We don't have many seminars down here. I wish there were more.


----------



## AmbikaGR (Dec 31, 2007)

I paid $300 for Bridget and Greg's 2 day seminar that will be held in February 2012 here in New Jersey. All the working spots filled in 2 days. Auditor spots are $175. It will be on "Advanced Motivational Techniques".


----------



## sammydog (Aug 23, 2008)

I have never been to a seminar... They all cost too much for me!

The way I look at it is take a seminar or trial for a weekend... I always choose the latter!


----------



## Loisiana (Jul 29, 2009)

Since I don't have a regular weekly class I can take, I justify the cost of one or two seminars a year as being what I would pay a year for classes.


----------



## sammydog (Aug 23, 2008)

That makes sense! I do take weekly classes!


----------



## Titan1 (Jan 19, 2010)

sammydog said:


> I have never been to a seminar... They all cost too much for me!
> 
> The way I look at it is take a seminar or trial for a weekend... I always choose the latter!

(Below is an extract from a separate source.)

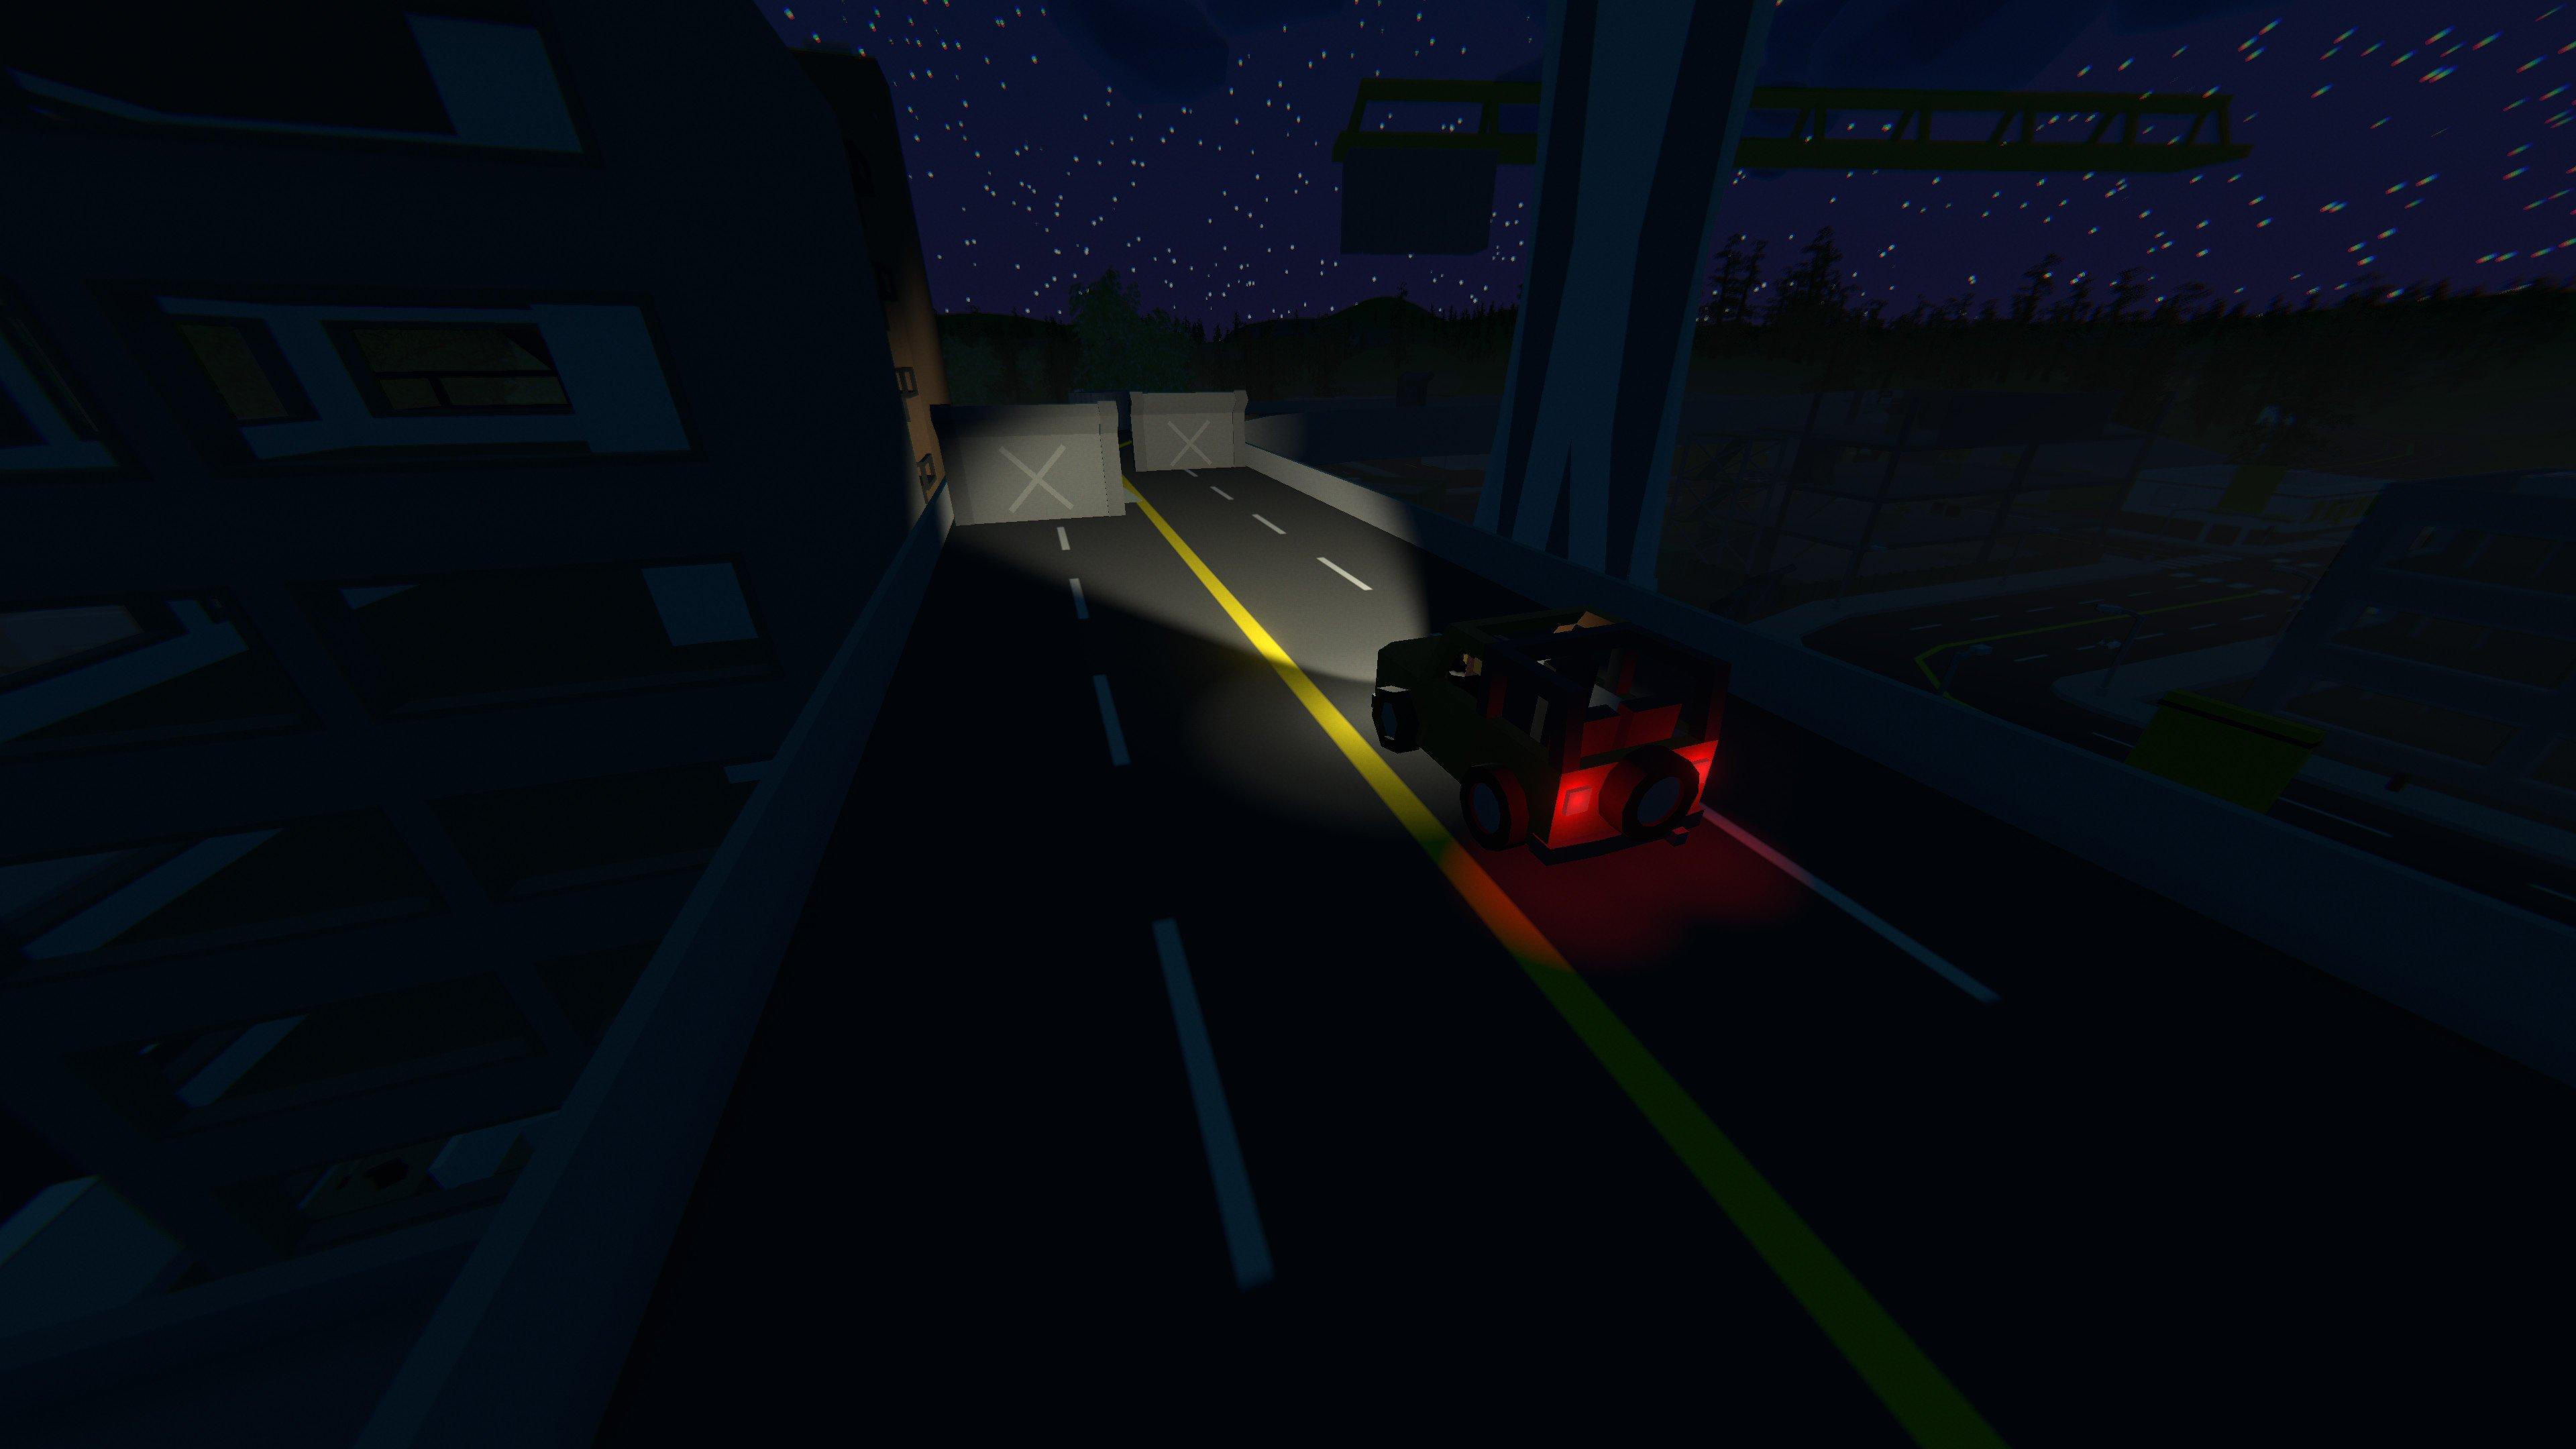 5-gier-podobnych-do-minecraft-unturned-3.jpg
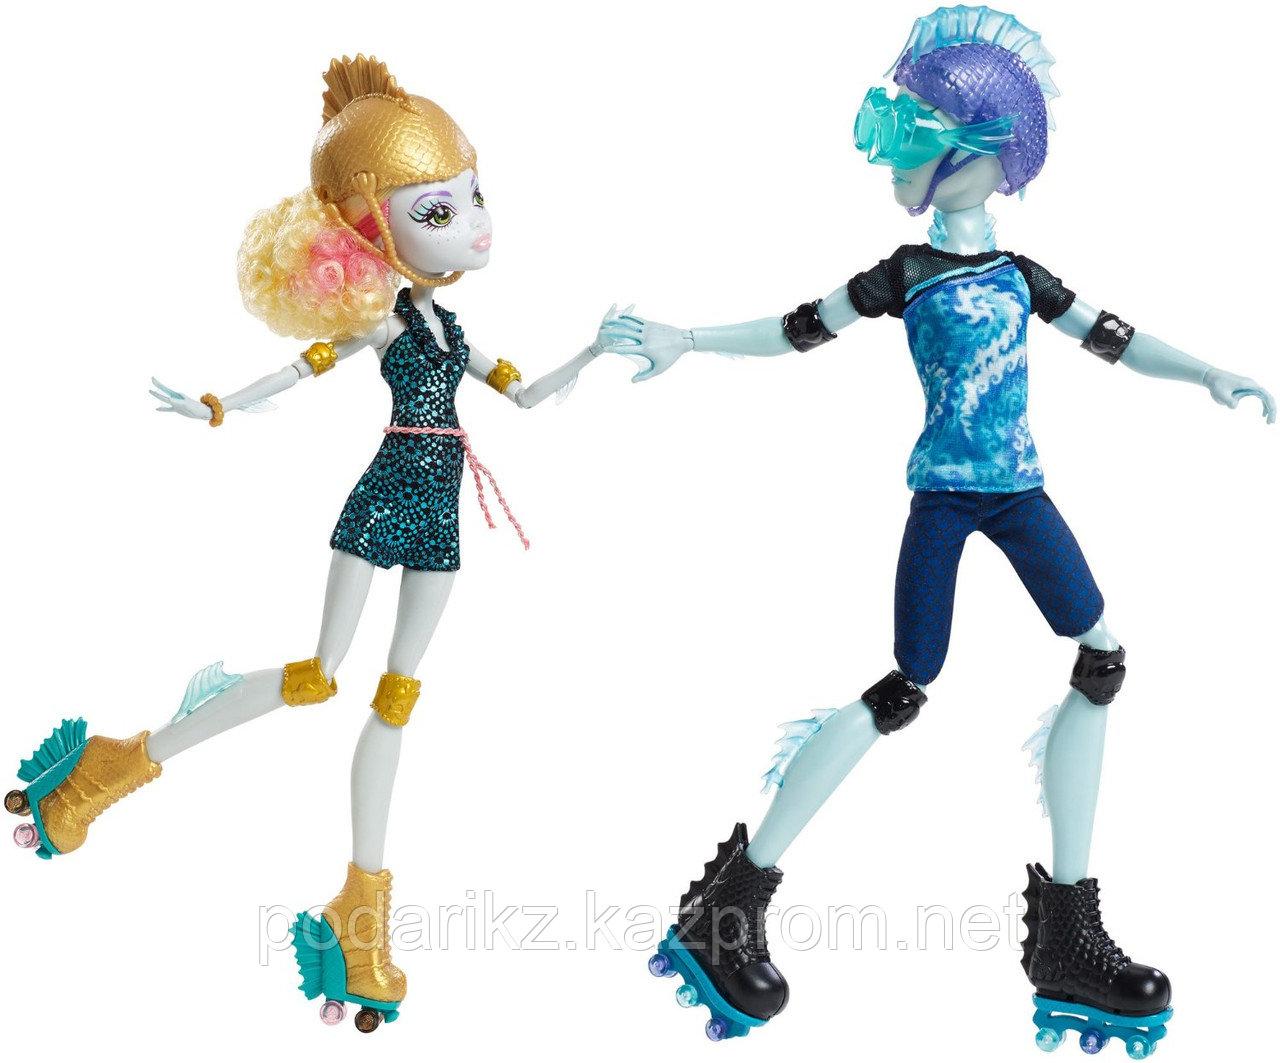 Monster High Гил и Лагуна, Lagoona Blue и Gil Weber - фото 3

Totally agree. I am sure those trainers are wonderful and worth it to some.. I would rather do a trial myself.

I teach classes so I don't have to pay for classes I take there.


----------



## AmberSunrise (Apr 1, 2009)

I looked at that one, but noticed it was filled. There is another in the late spring in Warwick Rhode Island the end of April - I have to think about that one 



AmbikaGR said:


> I paid $300 for Bridget and Greg's 2 day seminar that will be held in February 2012 here in New Jersey. All the working spots filled in 2 days. Auditor spots are $175. It will be on "Advanced Motivational Techniques".


----------



## Tamarackgoldens (Mar 10, 2010)

I am fortunate to live in Bridgets neck of the woods and have taken a couple private lessons and attended a few seminars. Also do our field work with her parents. She is well worth the $$$ and is very generous with sticking around to answer individual questions and help with problems. If money is issue (as it is for all of us) check out her web site. She has a lot of training clips on it and you can buy her DVDs. You can also rent them on bowwow flix. She is very motivating.


----------



## DNL2448 (Feb 13, 2009)

Thank you Sue, you are very fortunate!

I have been to two of Bridgets seminars and have took private lesson when she was here in June. She is, in a word, AWESOME, however, I cannot justify double the cost. I may to take just a private lesson, if they are offering them again.

ETA: I have her DVD's as well.


----------